I'll still use the 80M bytes / sec sustained write speed - because the fastest MLC products (in Feb 2008) can already do that. (Meanwhile the fastest SLC products have moved up in the world and are about 50% faster.)

The next factor is where we hit the big problem... Instead of a write endurance rating of 2 million cycles (for the best SLC) - I can only use a figure of 10,000 for MLC. MLC has a much lower rating due to the complex interaction of discriminating multiple logic levels reliably coupled with the intrinsic failure mechanism of wear-out.

Plugging these numbers in the same calculation gives an estimated MLC flash SSD operating life (at max write throughput) which is 6 months! (instead of 51 years for a 64GB SLC SSD).

That's not good enough for a data driven enterprise. There isn't a wide enough safety margin.
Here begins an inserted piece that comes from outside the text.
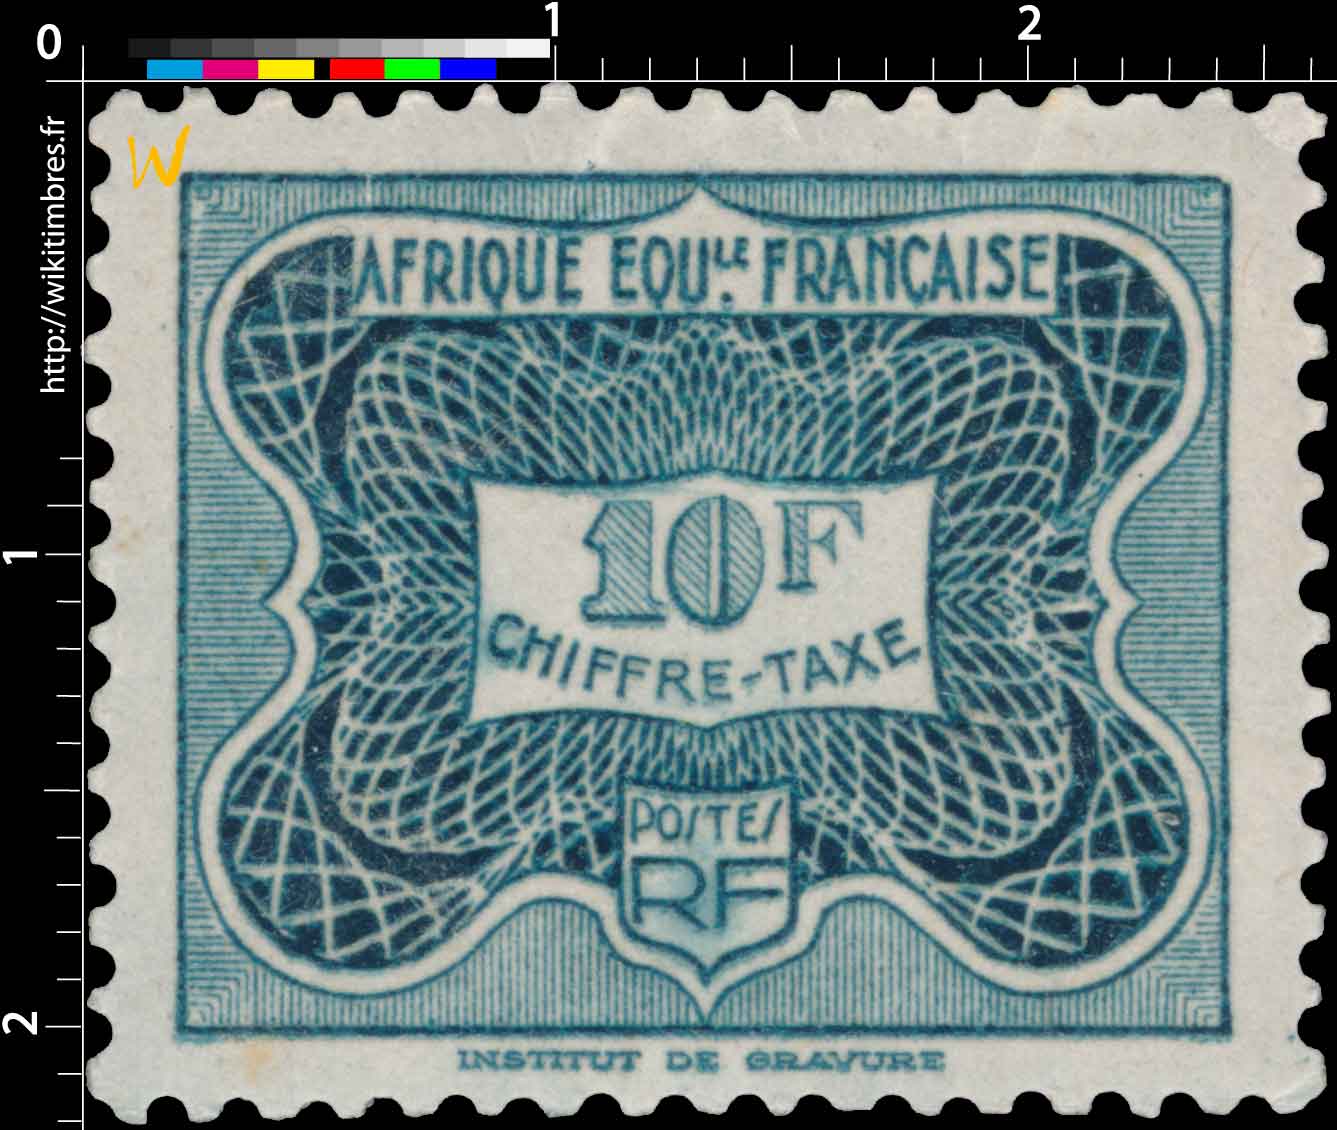 Chiffre taxe Afrique Équatoriale Française

Proponents of MLC might say - can't you batch select MLC chips for better write endurance in the same way that some oems do for SLC wear out? - Couldn't that give a figure that is 10x better?

There's not enough data to give a definitive answer - but I suspect the answer would be no!

The reason is that you would be selecting for the mutual inclusion of a single chip being inside 2 different probability curves for what are already secondary characteristics. (Like looking for the ideal man in Sex and the City.) Even in the unlikely event that you could find some devices with the magic properties to do this - the yield would be small - pushing the cost up and eliminating the main reason for using MLC.

That's where I thought this "SLC versus MLC in enterprise SSDs" discussion would end. But then another factor appeared out of the blue.

Sam Anderson at EasyCo pointed out to me that one side effect of their patent pending Managed Flash Technology is that their software "effectively erases erase blocks 10 to 100 times less frequently than drives doing traditional random writes" because it writes address blocks monotonically.

EasyCo's MFT was originally designed to give much faster system IOPS in flash SSD arrays by using patent pending write algorithms which manage arrays of standard SSDs in a way which reduces the probability of successive writes to an address block which is already busy in a time consuming erase/write cycle.

This new (to me) attribute of MFT opens up the possibility of yet another generation of high speed rackmount SSDs with new price points which could be 50x lower than RAM SSDs while being only 3x slower overall in typical applications.

Some of the papers listed in the footnotes below cover topics such as Data Retention (which in gets worse for blocks which have been more frequently erased), and Disturbances (caused by adjacent R/W operations) - all of which are much more significant issues for MLC compared to SLC.

Conclusion?

I can't give a definitive answer to the question - Are MLC SSDs Ever Safe in Enterprise Apps?

With the current state of technology in 2008 - it depends on the application and the consequences of data corruption.

I wouldn't risk it if I were a bank - but I might not mind if my own bank risked it and changed some pluses to minuses...

Seriously though I hope this article has shown that there are serious risks inherent in using MLC flash SSDs if they are not applied correctly.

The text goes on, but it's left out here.